***** Information supplied
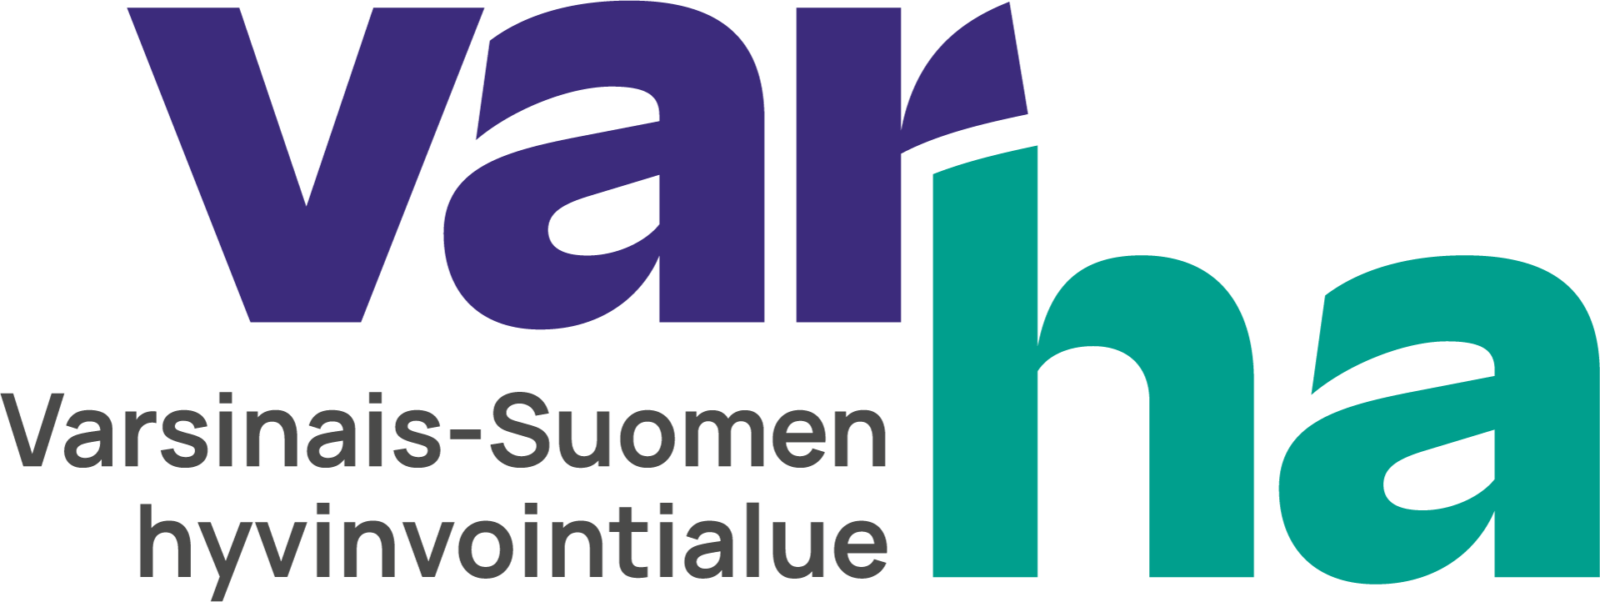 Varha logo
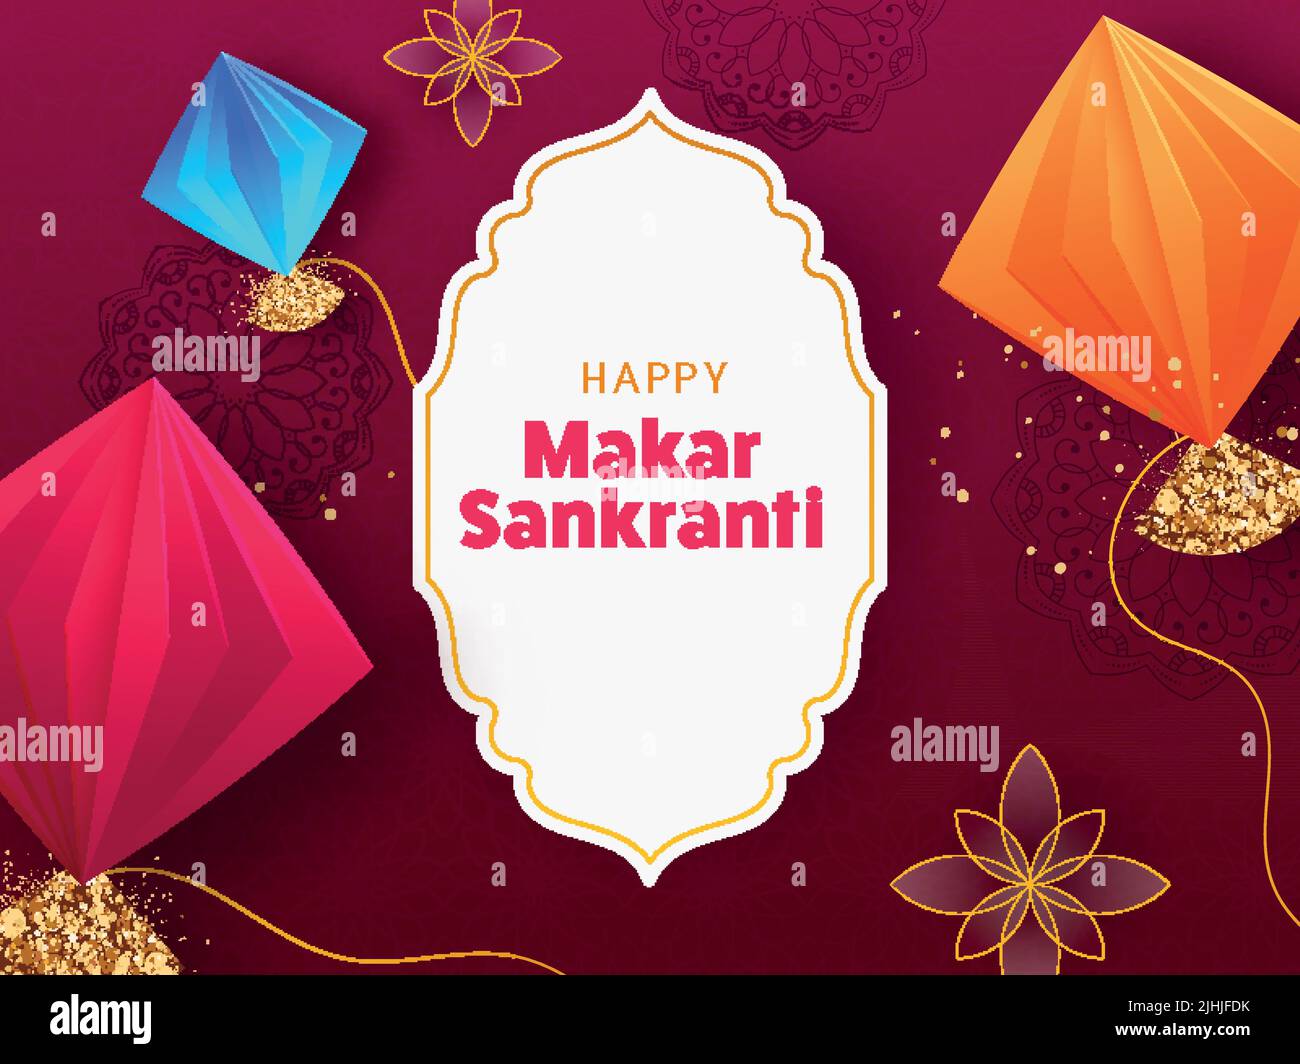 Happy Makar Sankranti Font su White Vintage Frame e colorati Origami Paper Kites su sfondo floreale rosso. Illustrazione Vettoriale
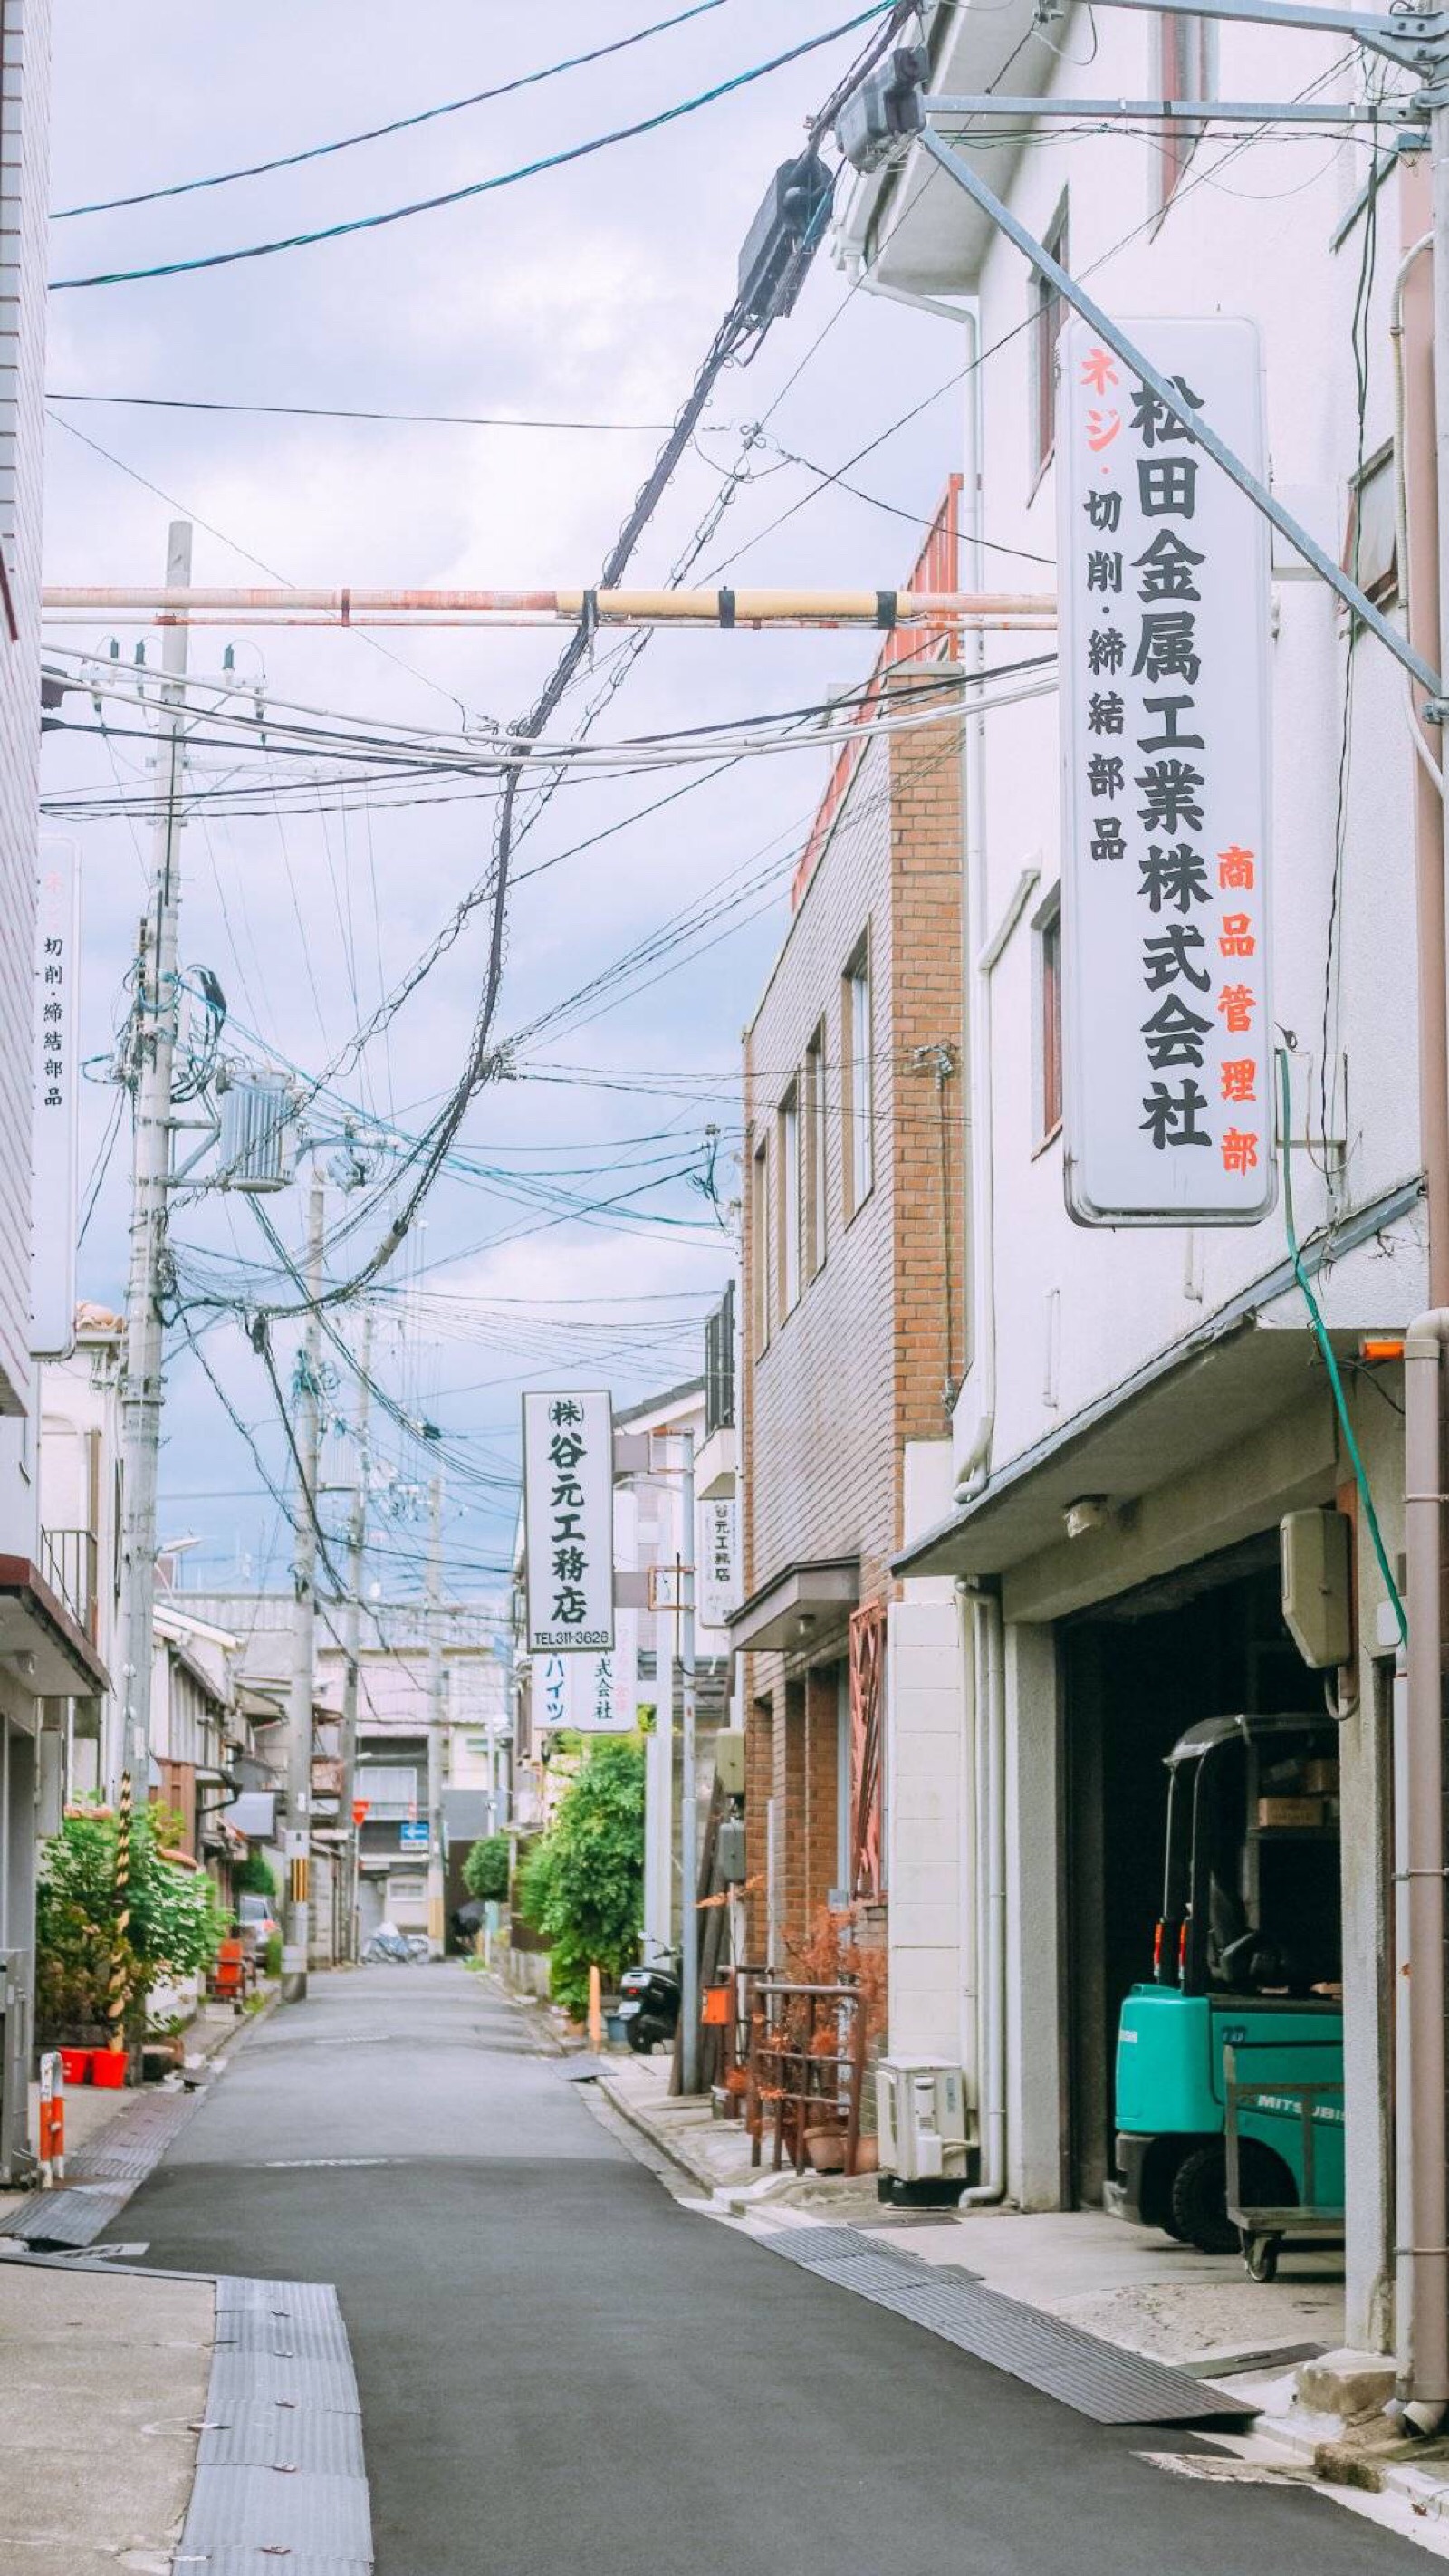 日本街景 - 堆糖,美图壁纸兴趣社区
**********
Could you set down the data exactly as given, minus its pictures?

Exercise solution:
 Varha logo
 Happy Makar Sankranti Font su White Vintage Frame e colorati Origami Paper Kites su sfondo floreale rosso. Illustrazione Vettoriale
 日本街景 - 堆糖,美图壁纸兴趣社区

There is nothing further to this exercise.